Worst Jokes Ever
Yo mama is so fat your dad could never get away.
I cried when my dad cut onions. Onions was such a good dog.
When we were kids, we used to be afraid of the dark.
But when we grew up, the electricity bill made us afraid of the light!
Your hairline [is] so bad it went down like the Twin Towers.
What do you call a parent that is pregnant?
Buy one, get one free.
Yo mama so stupid, she thought a quarterback was a refund.
Why did the retard cross the road?
He never made it!
Why can't orphans play baseball?
They don't know where the home is.
Also, what do you call an orphan taking a selfie?
A family photo.
Your hairline is so far back that your forehead looks like a growing parasite!
What is a fish with no eyes?
A fsh!!!!!
I told my suicidal friends to stop posting suicidal memes. They said they will stop soon.
My ex-boyfriend threatened to kill me because I was suicidal.
I wanted to tell him, "Well, can we get what we both want?" I was already planning on dying anyway.
My mom calls me.
Me: WHAT MOM?
No answer.
Me: WHAT?
Why did the orphan cry when he got back home?

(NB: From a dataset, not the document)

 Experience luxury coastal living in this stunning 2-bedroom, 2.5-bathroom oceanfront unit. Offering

Because he did not have one.
Why did the orphan become a stripper?
To have someone to call "daddy!"
My friend Josh made a joke about Liam's nonexistent hairline, even though Josh has massive ears and his face looks like a monkey's... if they were white.

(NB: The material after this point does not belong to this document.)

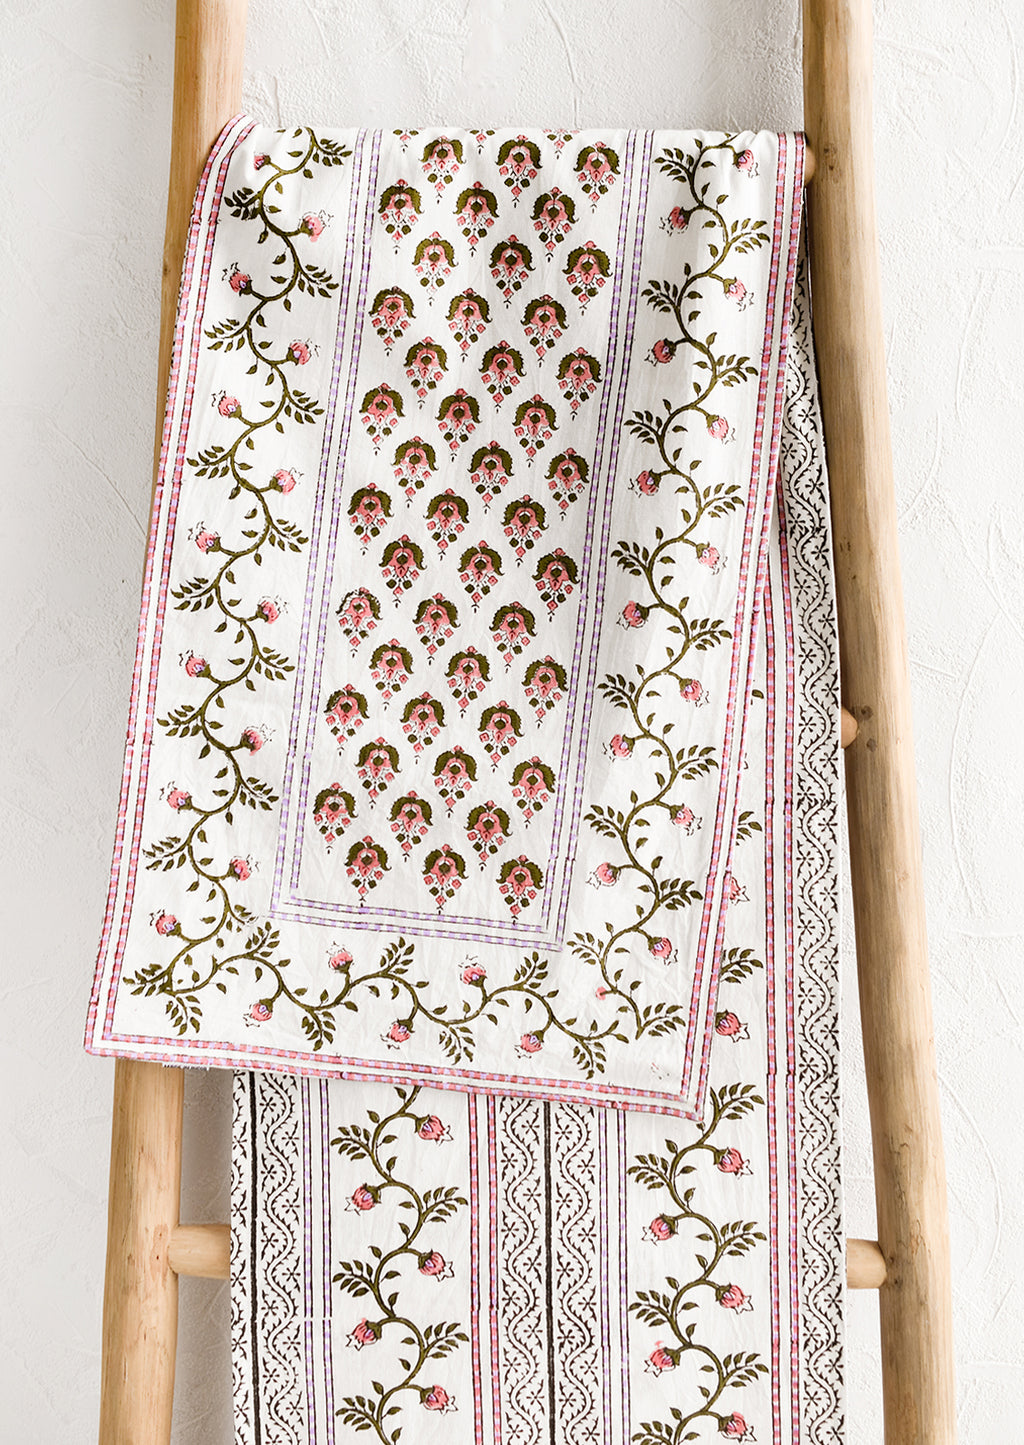 2: A block printed white table runner with pink, green and lavender floral print.

What holiday can an orphan not celebrate?
Mother's Day and Father's Day.
How to make an orphan BLEED?
Step 1 - Tell them to clap until they actually have a loving family.
Step 2 - LAUGH EVILLY as they BLEED.
Step 3 - Tell them to kys.
Step 4 - Leave that mental asylum.
We must start a propaganda for baked beans.
Your face is horrific like the state of the Twin Towers.